I’m just about as insecure as the next guy. I mean, I hold my own in a discussion, I conduct choirs and orchestras with a minimum of challenges, I speak in front of groups about the Bible with no trouble at all, I can even handle a classroom full of junior high kids for 80 minutes at a time.
But I’ve never gotten past the idea I have about my being physically undesirable. It’s terribly difficult to put myself in situations to ask out girls (which I’ve done three times in my life, being shot down very recently without even as much as a second hearing). I just never think any girl alive (or even guy for that matter) would ever want me. I would categorize myself as clumsy and awkward, even though most people would probably label me as confident.
So when a guy gives me attention, whether it’s questionable or not, I tend to freak out a little. If it’s overt and crass, it’s very easy to dismiss. But if it’s more subtle and relational…that’s a bit more of a challenge.
This is not just my problem as a man attracted to other men. Some of my straight friends have echoed their insecurities and their susceptibility to attention from, in their case, the opposite sex. So what’s a man to do?

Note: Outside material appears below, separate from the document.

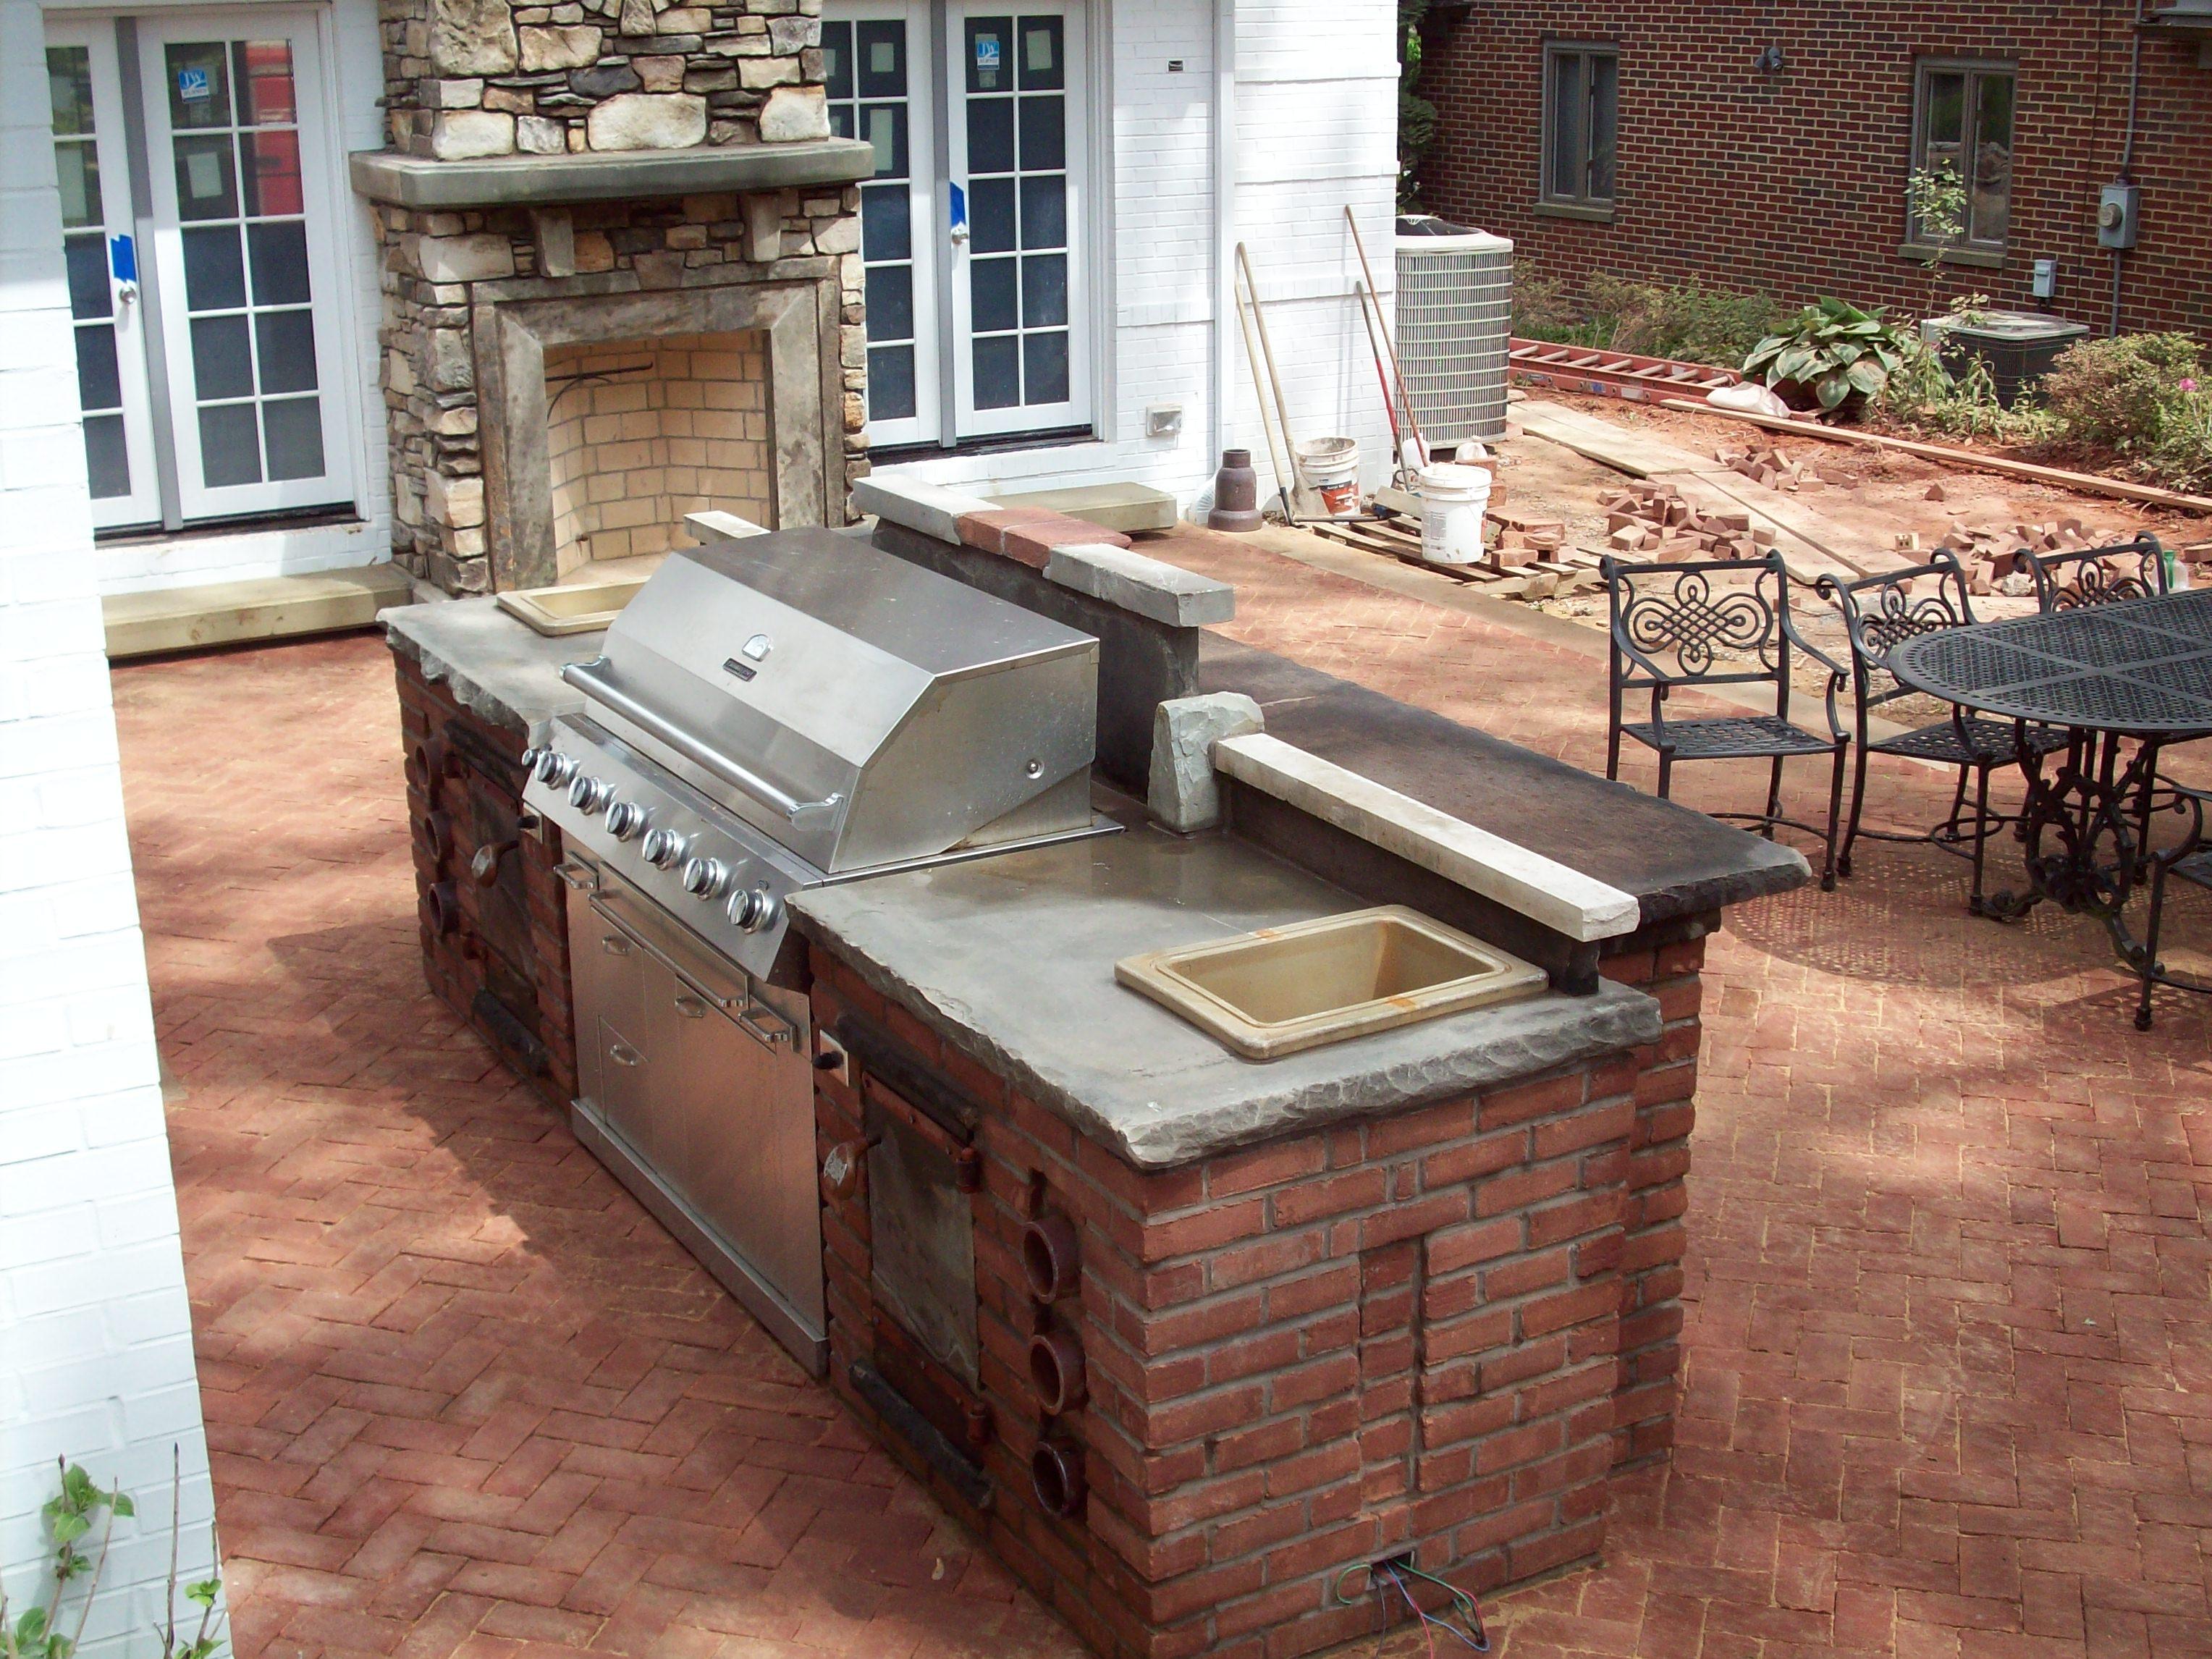 Detail: Outdoor bar, grill, sink | Yoder Masonry, Inc.

First, and probably hardest, is to flee the temptation. When you feel starved for affection (and I’m not just talking physical here, folks), it’s hard to push that away. It doesn’t always involve running and screaming from the room, either. What it does seem to involve is removing oneself at the very least emotionally and by making that tough decision to live out of the Gospel: that is, to renounce one’s sinful desires for the one through whom our sanctification comes, namely, Christ. This isn’t a rejection borne of behavior modification, but rather one which is a fruit of repentance which will demonstrate itself in the life of the believer. This is crucial. Anything else is simply a white-washed white-knuckled affair that is not biblical repentance.
Second, is confession of sin. Confession of sin to others is vital. It helps to keep one free of the enticing comfort of secret sin. Secret sin seems all the more sweet because one can appear to be a wonderful, upstanding saint if no one knows the dark recesses of one’s depravity. Confession also keeps us humble, for by shining the light of accountability into the dark corners of our soul, we can never begin to think we’re pulling this Christian life off without a hitch. Indeed, we will be shown the opposite and such ugliness will drive us to the feet of Him who washed us in His blood.
The Gospel is everything. Repent and believe that Christ died for your sin. I’m not appealing to your will…I’m making an incredible statement which, if the Lord sees fit, will be used by the Spirit to regenerate someone.